John Jansen (hat tip: Tim Duy) construes that clause to mean that the Fed is going to request the ability to borrow directly as well as for exemption of any borrowing done by the Treasury on behalf of the Fed from the congressional debt ceiling.
This means that the Fed wants to issue its own debt or borrow endlessly from the Treasury in order to remove the money that it has created! This would have multiple potential effects. First, it would put an unelected body, the Federal Reserve Board, in charge of determining fiscal priorities on a massive scale, i.e., this board would effectively be risking taxpayer money on programs that it deems worthwhile. Not only would it put the taxpayers on the hook for its investments, such borrowing would represent a massive drain on private capital which could otherwise be used to fund productive investments. Although the Fed is doing this to some extent now, the contemplated legislation would provide a formal sanction of these activities which are far beyond the parameters specified by the Federal Reserve Act. Such a sanction would represent a massive transference of power to the Federal Reserve and may actually represent an all out coup d'etat.
Such are the consequences of evading reality. The government caused the economic crisis with a combination of easy money and policies designed to facilitate and encourage reckless lending and borrowing. The government, instead of limiting its errors by allowing bankruptcies, is now compounding its evasion by attempting to bail out banks without having to tax Americans. So it counterfeits money which will lead to a hidden tax in the form of more inflation or it will borrow the money which will crowd out private capital, increase the debt burden on taxpayers of the future, and severely dampen economic growth. In the meantime, ever more power is being conferred to the Federal Reserve and the federal government which will in turn demand control over the enterprises which it chooses to shower with its largess. Such controls and attempts at central planning will lead to more destruction and more failures and more calls for regulation and/or an easy money fix. Investors, faced with massive uncertainty and the threat of arbitrary and/or confiscatory government policies will lessen or stop investing in productive assets altogether and seek the safety of unproductive government bonds or hoard precious metals.

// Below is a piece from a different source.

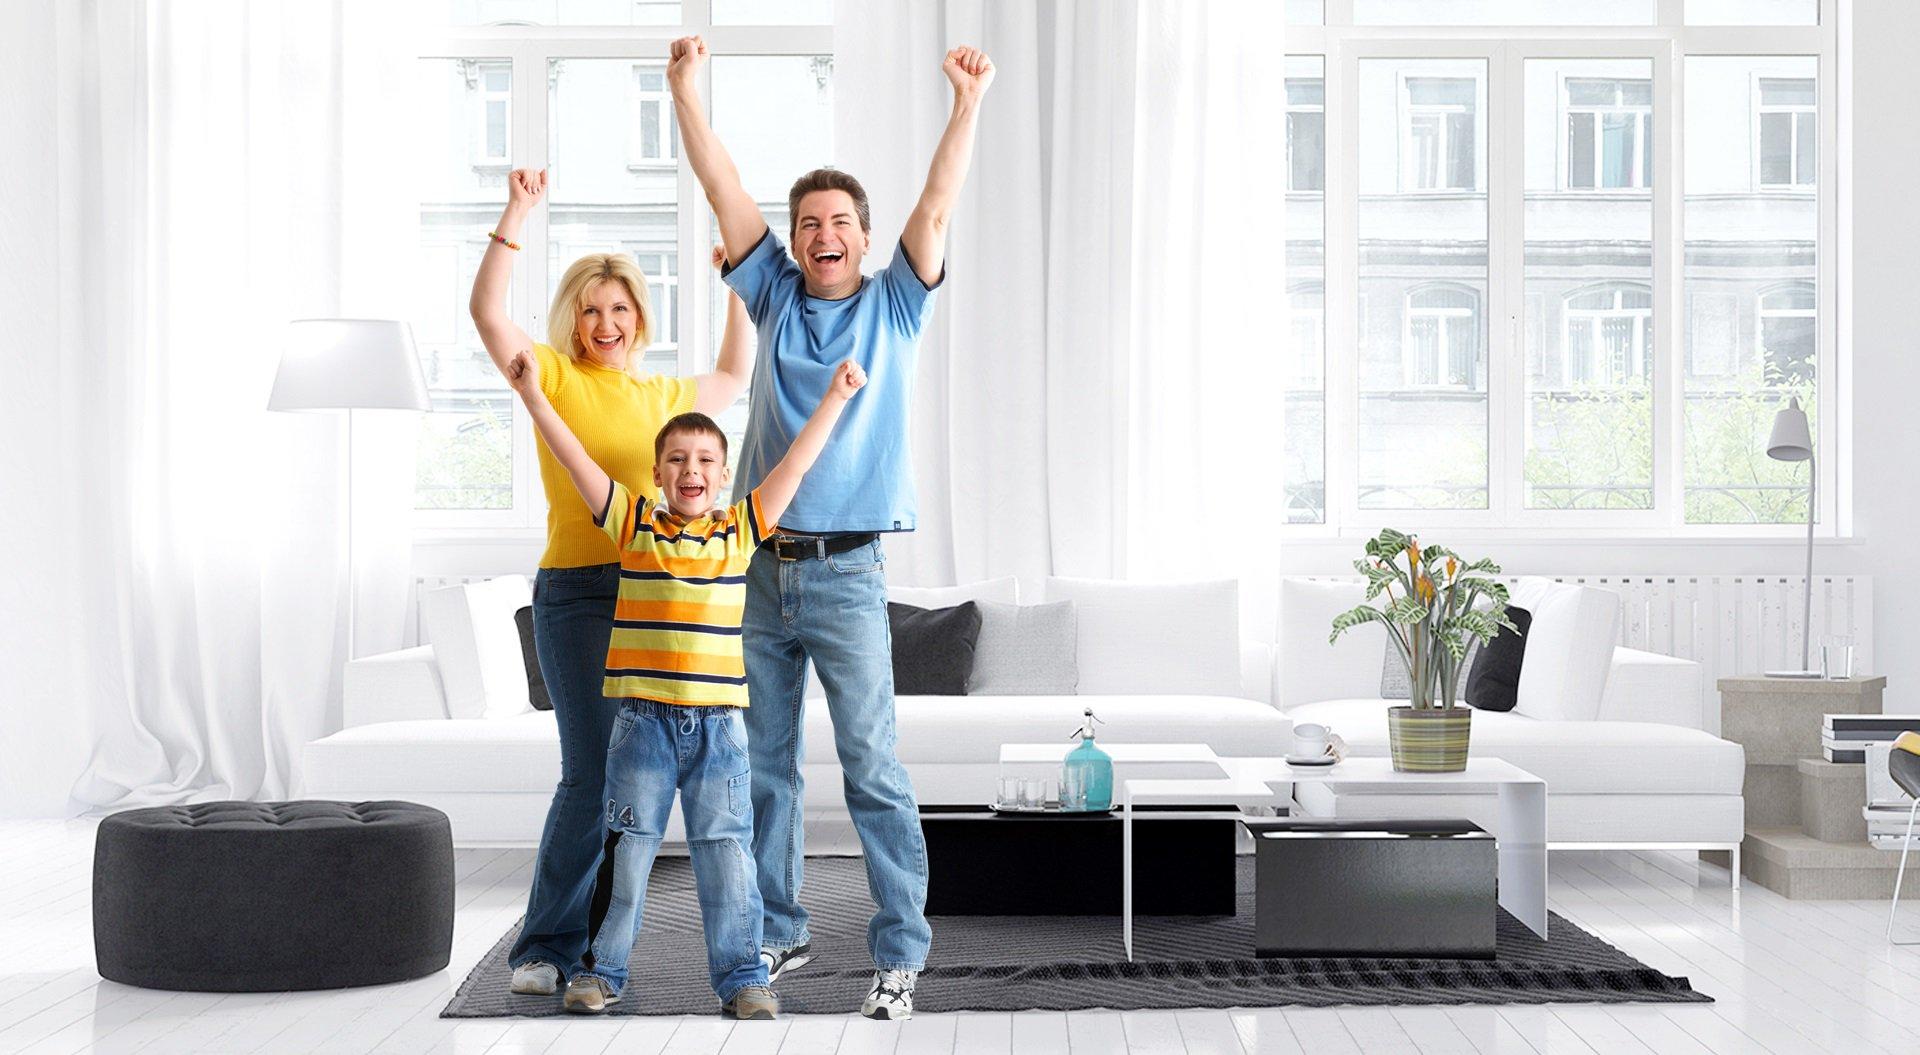 например, ремонт квартиры реклама картинка является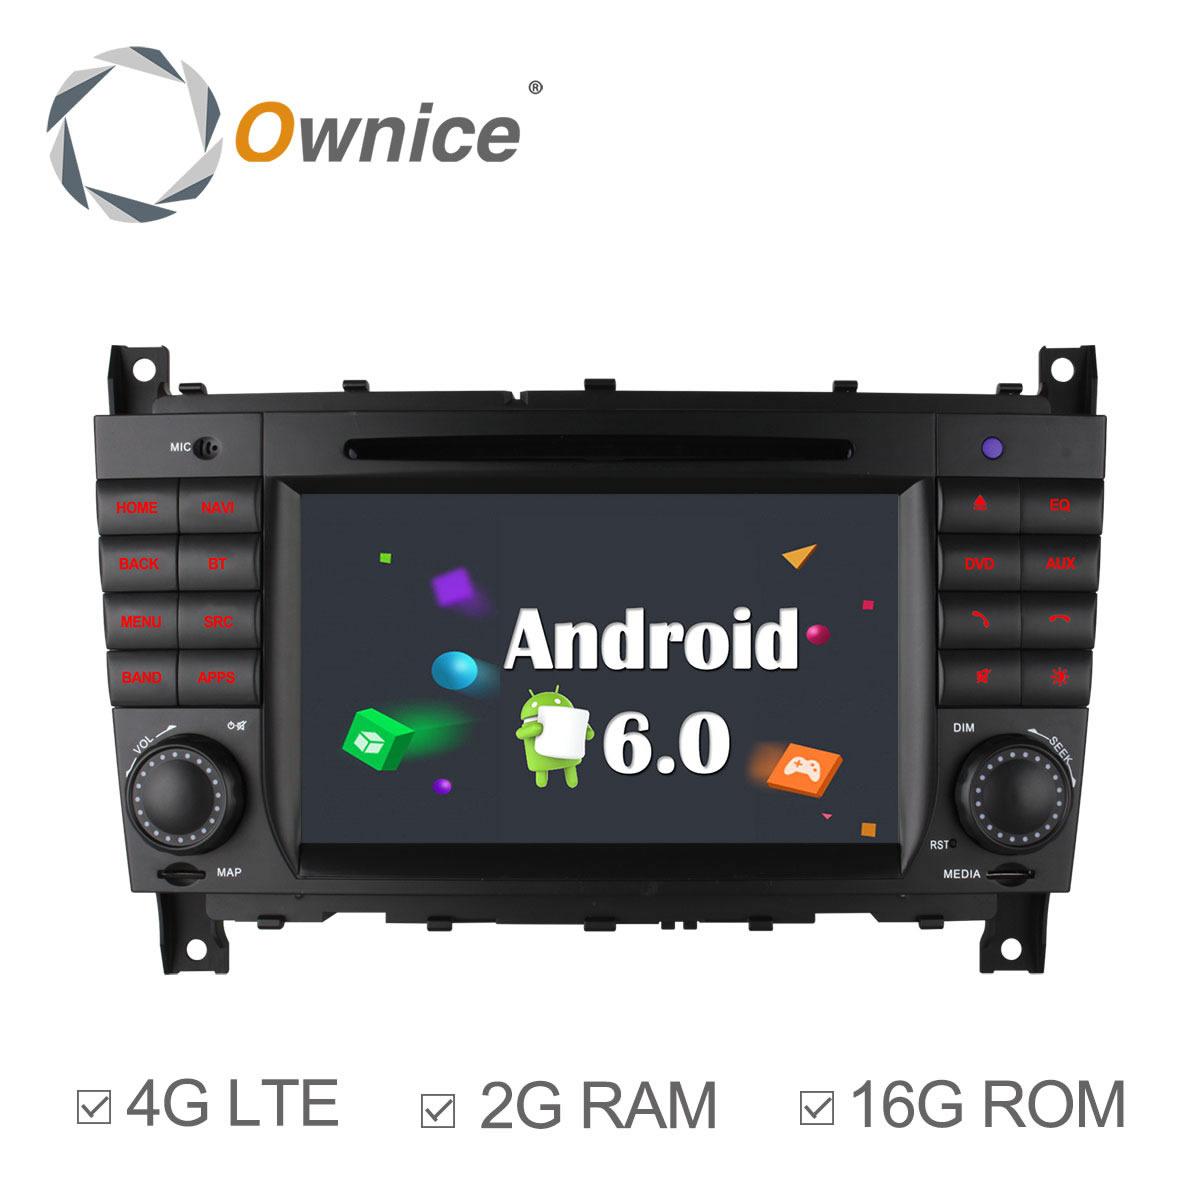 4G SIM LTE 1024X600 Quad Core Android 6.0 Car DVD Player for Mercedes C CLS CLC CLK Class W203 W209 W219 GPS Navigation Radio

Such an economic spiral accompanied by profound losses of freedom or outright fascism in the form of the loss of private property rights, confiscatory taxation, debasement of the currency, price controls, arbitrary regulations or imprisonment of businessmen, and potentially even the loss of freedom of speech as the state moves to silence its critics (see this post) can only be fundamentally stopped in one way. The ultimate solution is the complete abolition of the Federal Reserve system accompanied by the recognition of a fully private banking system based on sound money, i.e., precious metals. Such a system would be fully compatible with the principle of individual rights including private property and would entail a necessary delimitation of the federal government's role to its proper function as the protector of rights. Although constitutional limitations on the government's abridgment of the freedom of production and trade would be ideal, practically speaking, a system of private banking based on precious metals would necessarily limit the government's ability to intervene in the economy as it would no longer have the ability to fund its deficits surreptitiously through the creation of money.The Federal Reserve's activities must be monitored closely. This rogue pseudo-government agency has mostly caused the boom bust cycle including the Great Depression as well as the latest fiasco, and is now threatening even greater usurpations of our liberty in the name of promoting financial "stability" (see this post). The first step on the path to abolishing the Federal Reserve is to expose their activities. HT to econbrowser for helping us towards this goal.